Contracs: Em que outras frentes você milita?
Creuza: Também milito no movimento negro e na luta das mulheres. A militância das domésticas está diretamente ligada às questões de gênero, classe social e de valorização e garantia dos direitos.

Contracs: Com 28 anos de luta, qual a maior conquista da categoria das trabalhadoras domésticas, na sua opinião?
Creuza: Considero todas importantes. Destacaria a estabilidade para a trabalhadora gestante, o direito à carteira assinada e à contribuição previdenciária. Apesar de termos direito à carteira assinada há 39 anos, ainda não temos fiscalização. Mas o principal mesmo é visibildiade dada hoje à categoria. Antes não se falava em domésticas nos espaços de debate. Mas o caminho ainda é longo: dos 34 direitos garantidos hoje aos trabalhadores pela Constituição Federal, somente nove deles são reconhecidos para os trabalhadores domésticos.

Contracs: O Prêmio Direitos Humanos é a mais alta condecoração do Governo Brasileiro a personalidades e entidades que se destacaram na defesa, na promoção e no enfrentamento e combate à violação dos Direitos Humanos no país. Como esse diálogo pode ser benéfico para as trabalhadoras domésticas?
Creuza: Essa proximidade com a agenda do governo vai despertar a sociedade para as nossas questões. Você não pode ser notado se você não existe. Quando começamos a fazer debates em espaços como o de universidades, tudo foi mudando. Costumava-se dizer que a doméstica não gera lucro para o patrão, como um trabalhador de fábrica, por exemplo. Mas agora a sociedade está começando a ver que geramos saúde, educação, limpeza e bem-estar para a família do patrão. Cuidamos de bens pessoais que não têm preço, como os filhos.

Contracs: Quais os principais desafios para vencer esse tipo de visão proconceituosa de que não há lucro para o patronal?
Creuza: Há um problema no reconhecimento dos direitos constitucionais para as domésticas pelos três poderes (Judiciário, Executivo e Legislativo) que impedem certos avanços, já que os respresentantes desses poderes são todos patrões.

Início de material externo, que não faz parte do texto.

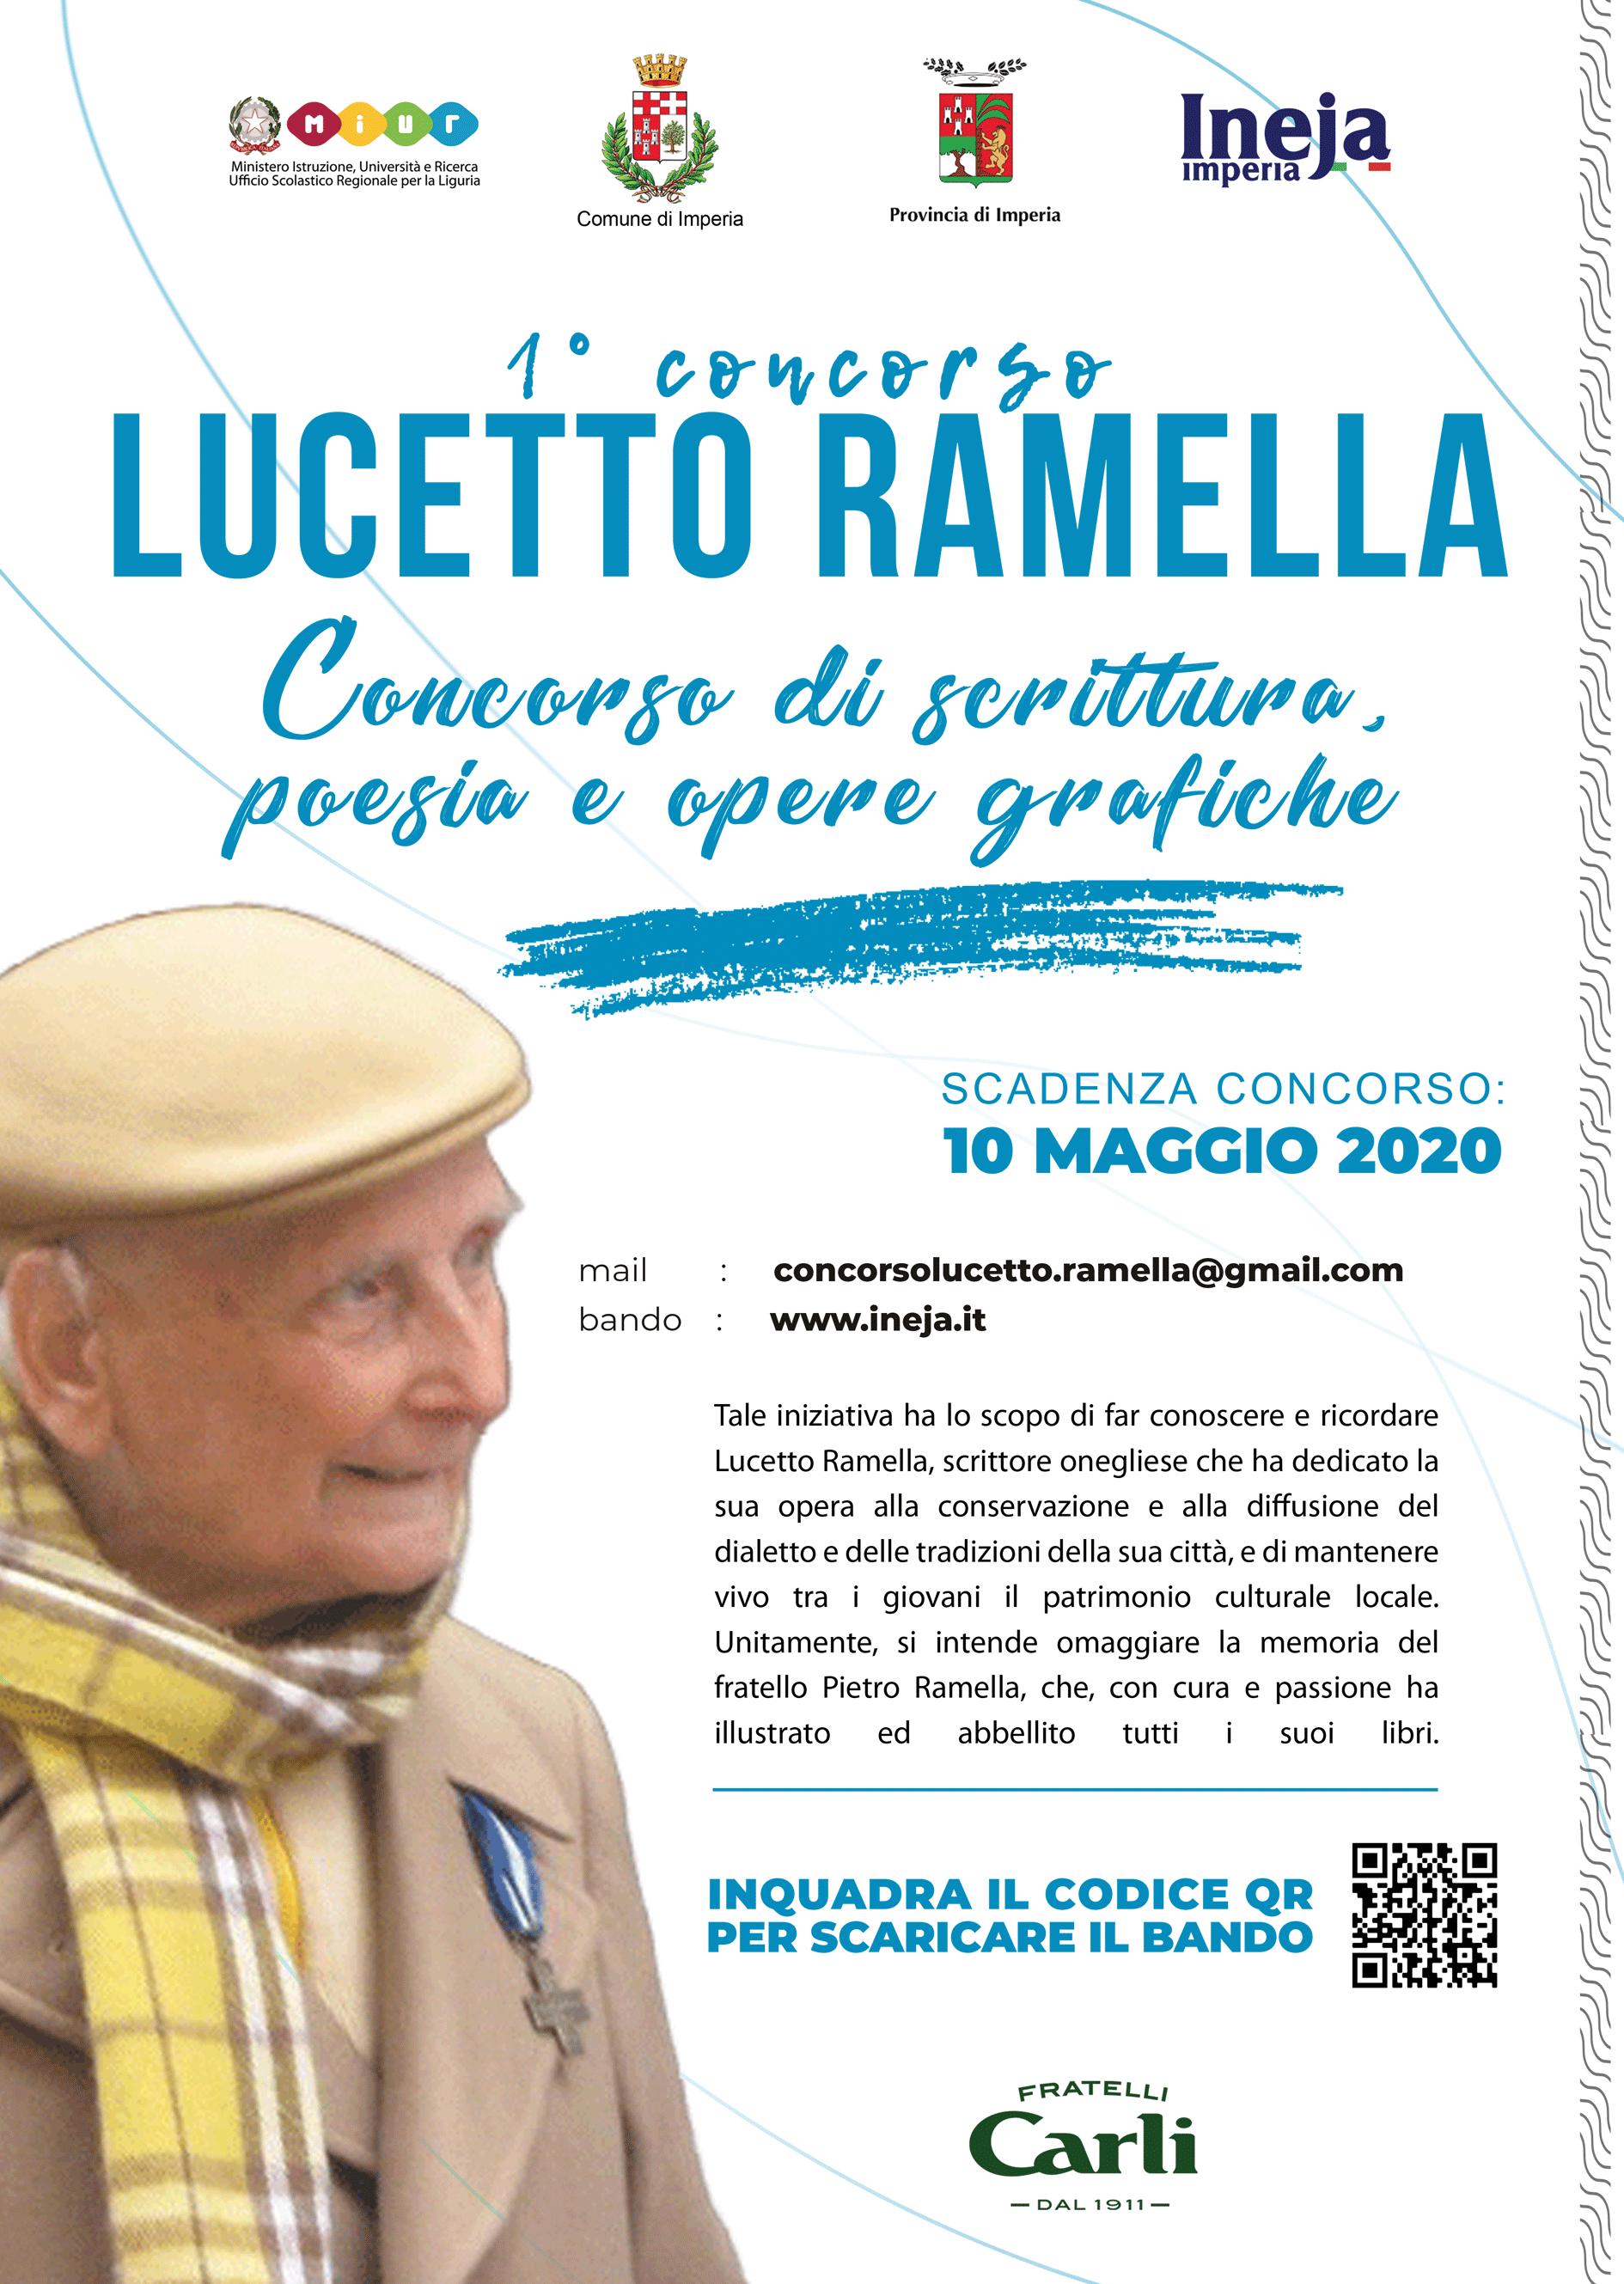 loc_lucetto_ramella_2020

Para resolver essa problemática, dependemos da organização da categoria, da mudança da mentalidade da sociedade e de parlamentares comprometidos com a nossa causa. Os movimentos de mulheres também são grandes parceiros. O preconceito com as domésticas está declarado até na Constituição Federal, no artigo 7º, que garante os direitos trabalhistas, “exceto para os trabalhadores domésticos”. Então, todos são iguais perante a Lei, menos as domésticas? É a Lei maior do país discriminando uma categoria formada, em sua maioria, por mulheres negras. Precisamos alterar já esse artigo. E esse é o grande próximo passo.

Contracs: E a ratificação da Convenção da Organização Internacional do Trabalho (OIT) pelo Brasil? O que pode ser feito no ano que se inicia para acelerar esse processo?
Creuza: Continuar mobilizando, comprometendo os parlamentares. Esse foi um ano de fato muito especial para as domésticas. Em junho, na 100ª conferência da OIT, conseguimos uma convenção específica, a 189, e o Brasil se comprometeu a ratificá-la. Outro grande passo é a inclusão da trabalhadora doméstica na Consolidação das Leis Trabalhistas (CLT).